Hemphill, Julius and Peter Kowald
Live at Kassiopeia [2 CDs]
(NoBusiness)
The late great saxophonist Julian Hemphill and bassist Peter Kowald, essential free jazz players from NY and Germany, performing solo and as a duo live at Kassiopeia, Wuppertal in 1987.
Ducret, Marc
Tower, vol. 2
(Ayler)
The 2nd volume of guitarist Ducret's Tower project, an incredible quartet with saxophonist Tim Berne, violinist Dominique Pifarly and drummer Tom Rainey, complex and exultant, intertwining improv.
Mezei, Szilard Wind Quartet
Innen
(Ayler)
Serbian viola-player/composer Szilard Mezei and his Wind Quartet return with a release that crosses contemporary chamber music, European folk-jazz and improvisation in magnificent ways.
Fields, Scott Multiple Joyce Orchestra
Moersbow Ozzo
(Clean Feed)
A live concert of Fields' Quite Large Orchestra (aka Multiple Joyce Orchestra) with Frank Gratkowski, Christina Fuchs, Thomas Lehn, Carl Hubsch, &c. &c. performing modular compositions for improvising chamber group, plus an homage to Merzbow.
Lopes, Luis
Lisbon Berlin Trio
(Clean Feed)
Genre-crossing improvisation with a jazz basis and far-reaching influences from guitarist Luis Lopez and his Berlin Trio of bassist Robert Landfermann and drummer Christian Lillinger.
Savoldelli, Boris
Biocosmopolitan
(MoonJune)
Vocalist Savoldelli in an exquisitely-crafted album of overdubbed vocal work, with help from trumpeter Paolo Fresu and bassist Jimmy Haslip; elaborite harmonies, interlocking rhythms, exultant influences.
SFE - Simon Fell Ensemble
Positions and Descriptions
(Clean Feed)
Commissioned by BBC Radio 3 with an ensemble including Tim Berne, Joe Morris, Rhodri Davies, Jim Denley, Alex Ward & Steve Beresford, this amazing work is organized in traditional movements using a very modern and free language.
Eisenstadt, Harris
September Trio
(Clean Feed)
Drummer Eisenstadt's September trio with pianist Angelica Sanchez and saxophonist Ellery Eskelin in a release of thoughtful, creative, meaningful and lovely music.

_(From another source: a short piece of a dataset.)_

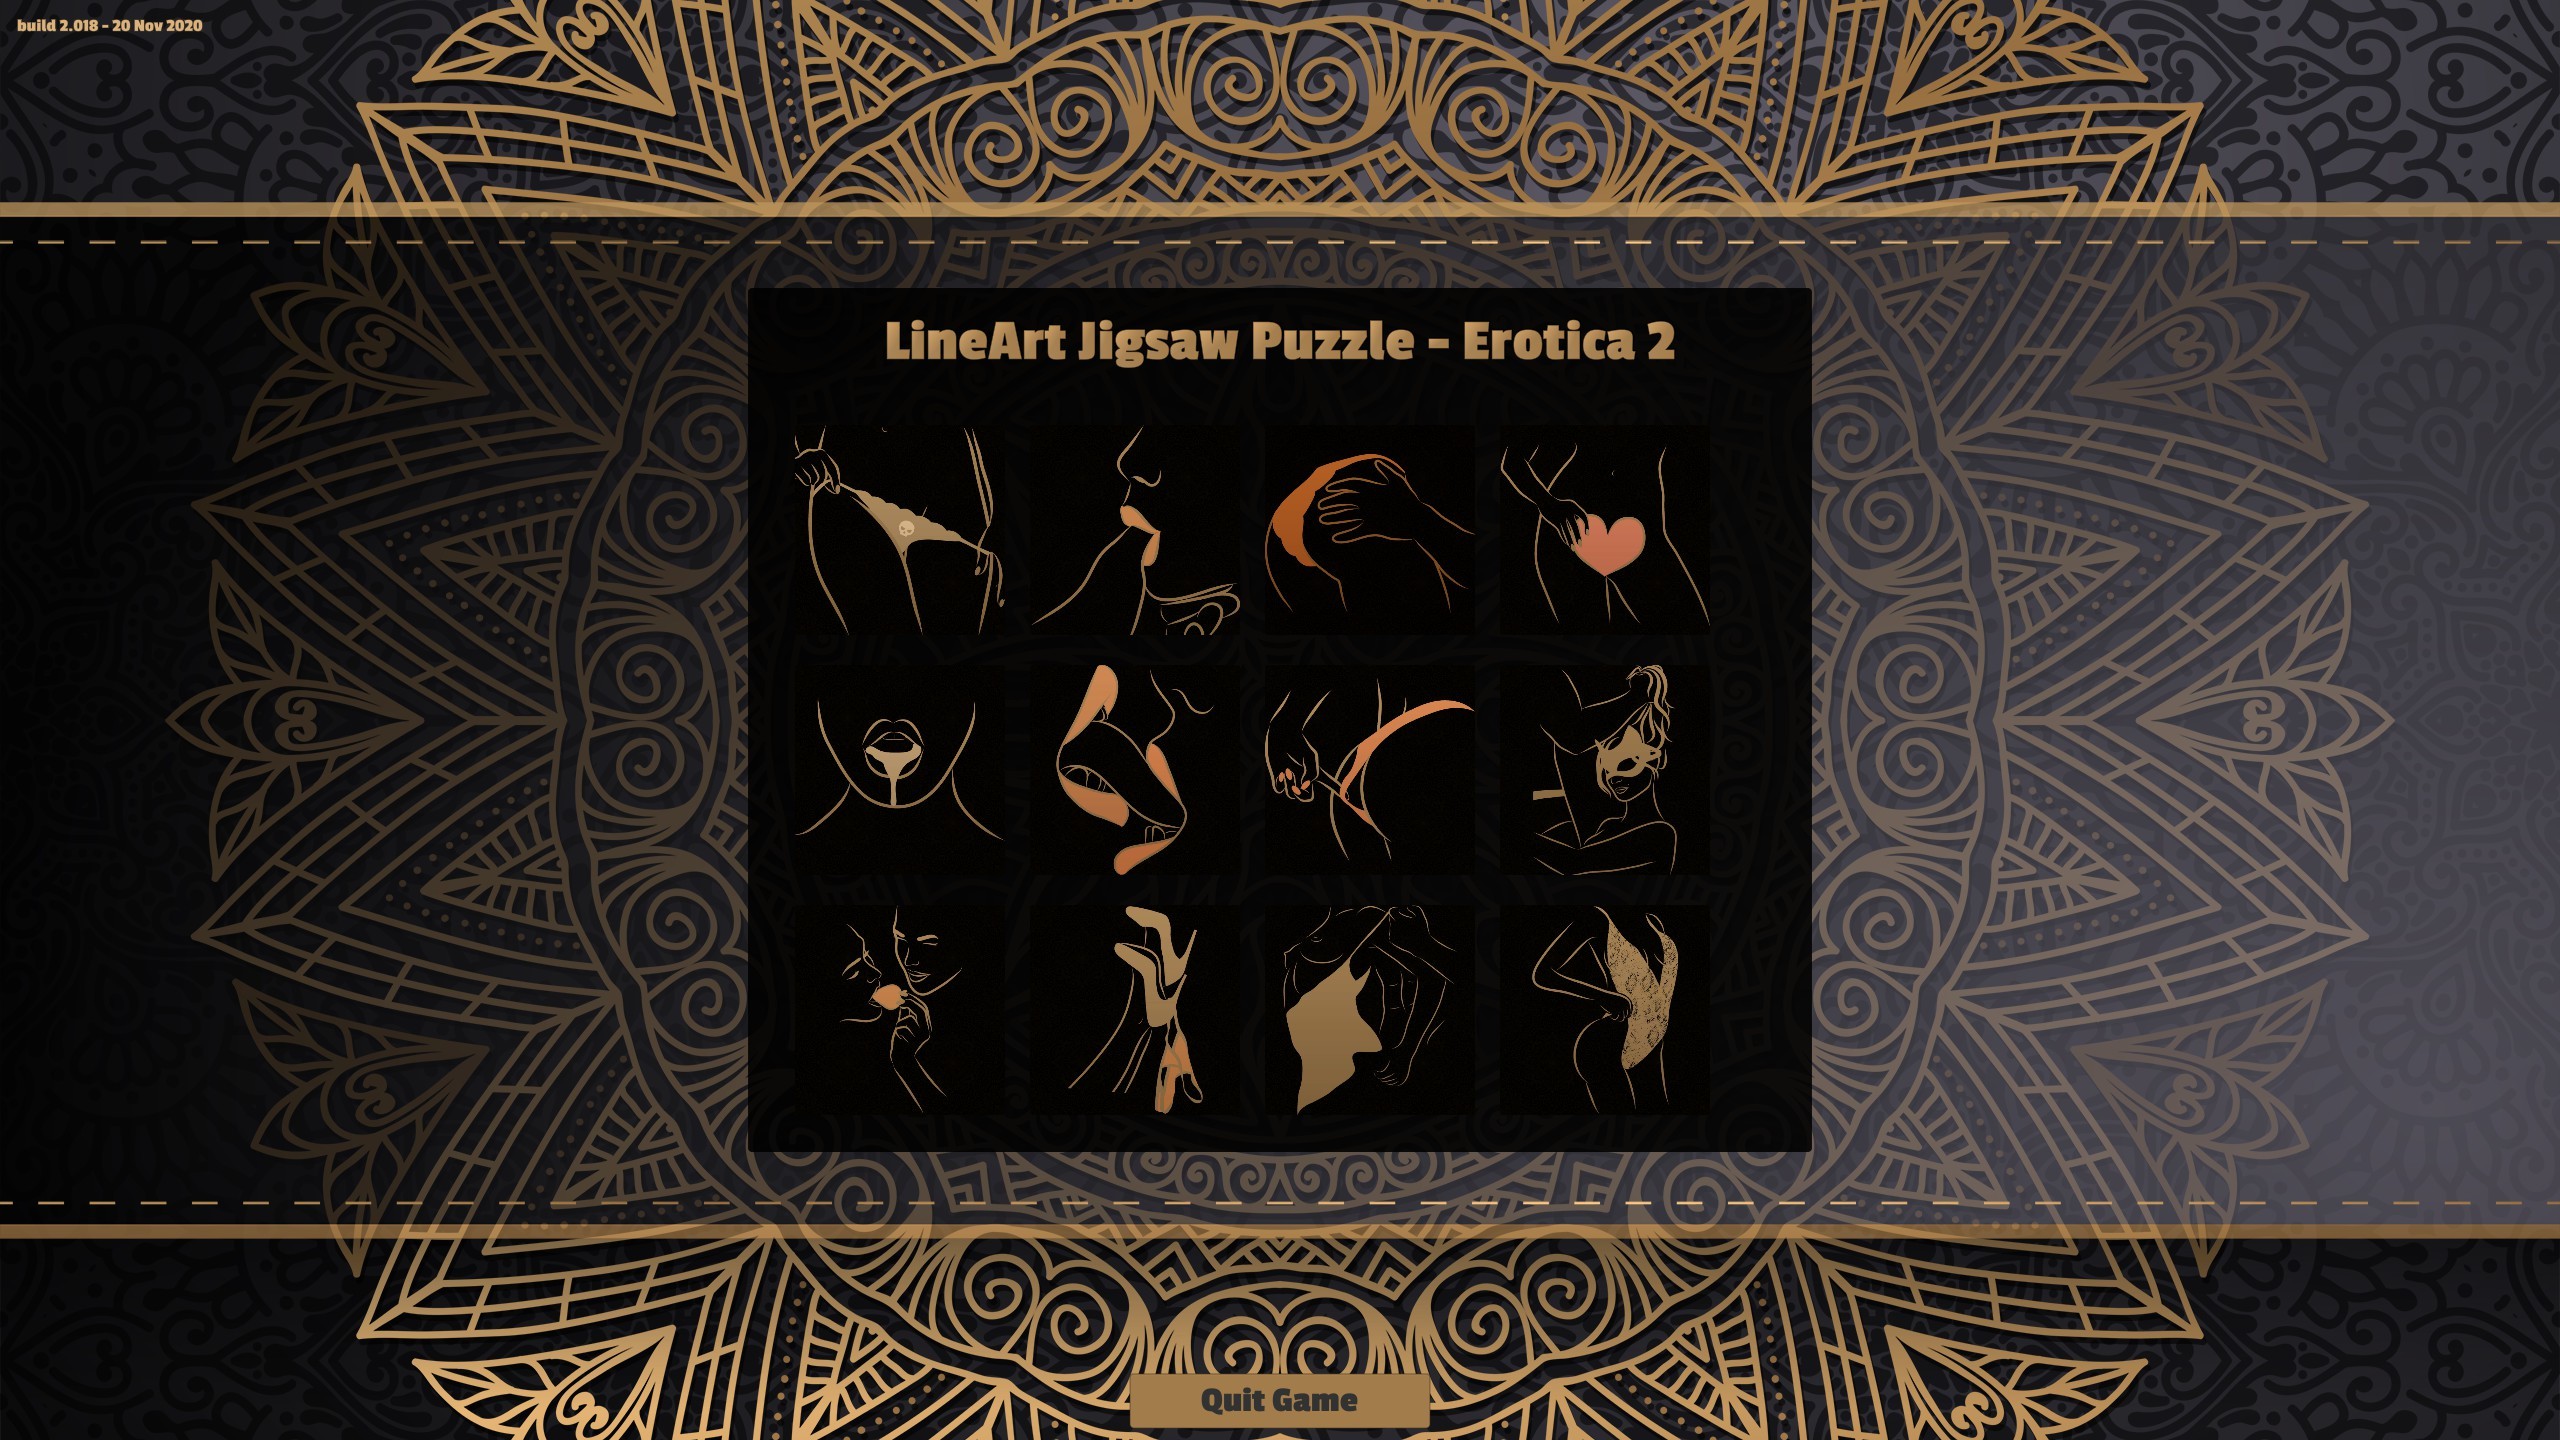 LineArt Jigsaw Puzzle - Erotica 2 Steam CD Key [USD 0.21]
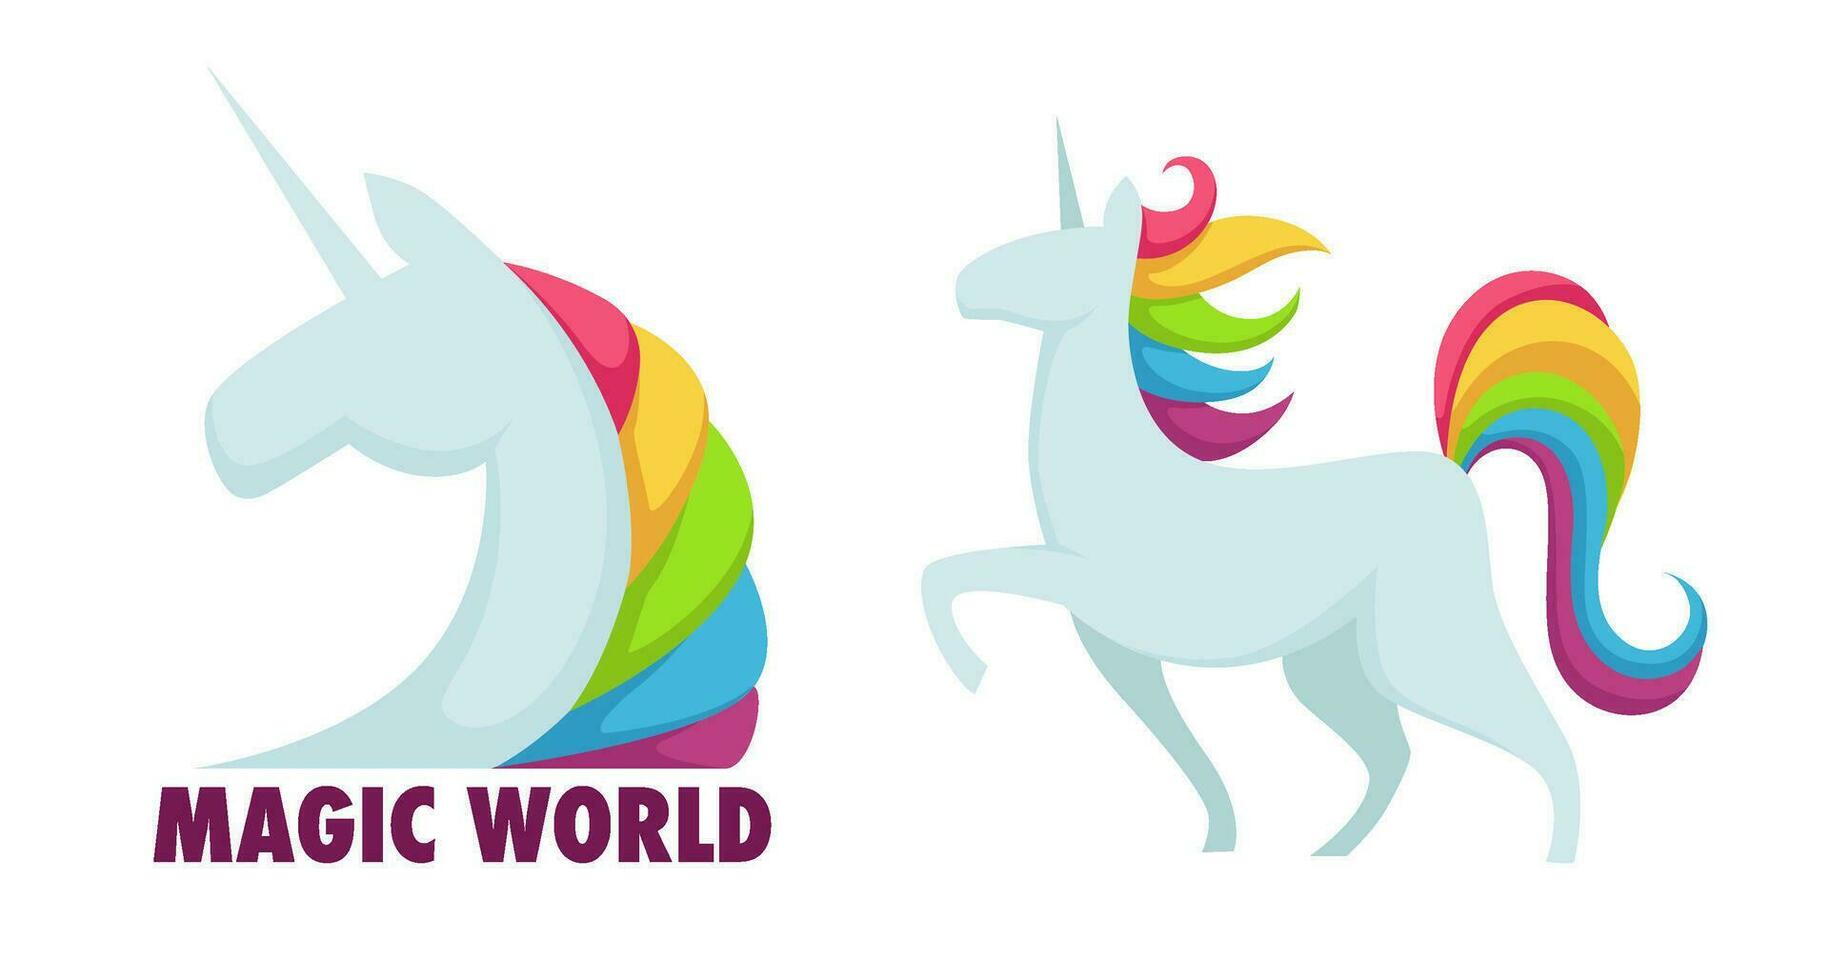 Magic world, unicorn character with rainbow hair vector

EMJO (European Jazz Movement Orchestra)
EMJO Live in Coimbra
(Clean Feed)
A fresh, enthusiastic and very pertinent vision of the big band model from this large orchestra with a diverse and uniquely European spirit, but globally identifiable as excellent jazz.
Fujii, Satoko Orchestra New York
ETO
(Libra)
Satoko Fujii Orchestra New York in a work based on the Chinese zodiac, referred to as "Eto", in a celebration of husband and trumpeter Natsuki Tamura's 60th birthday, and of the 12 animals of the zodiac.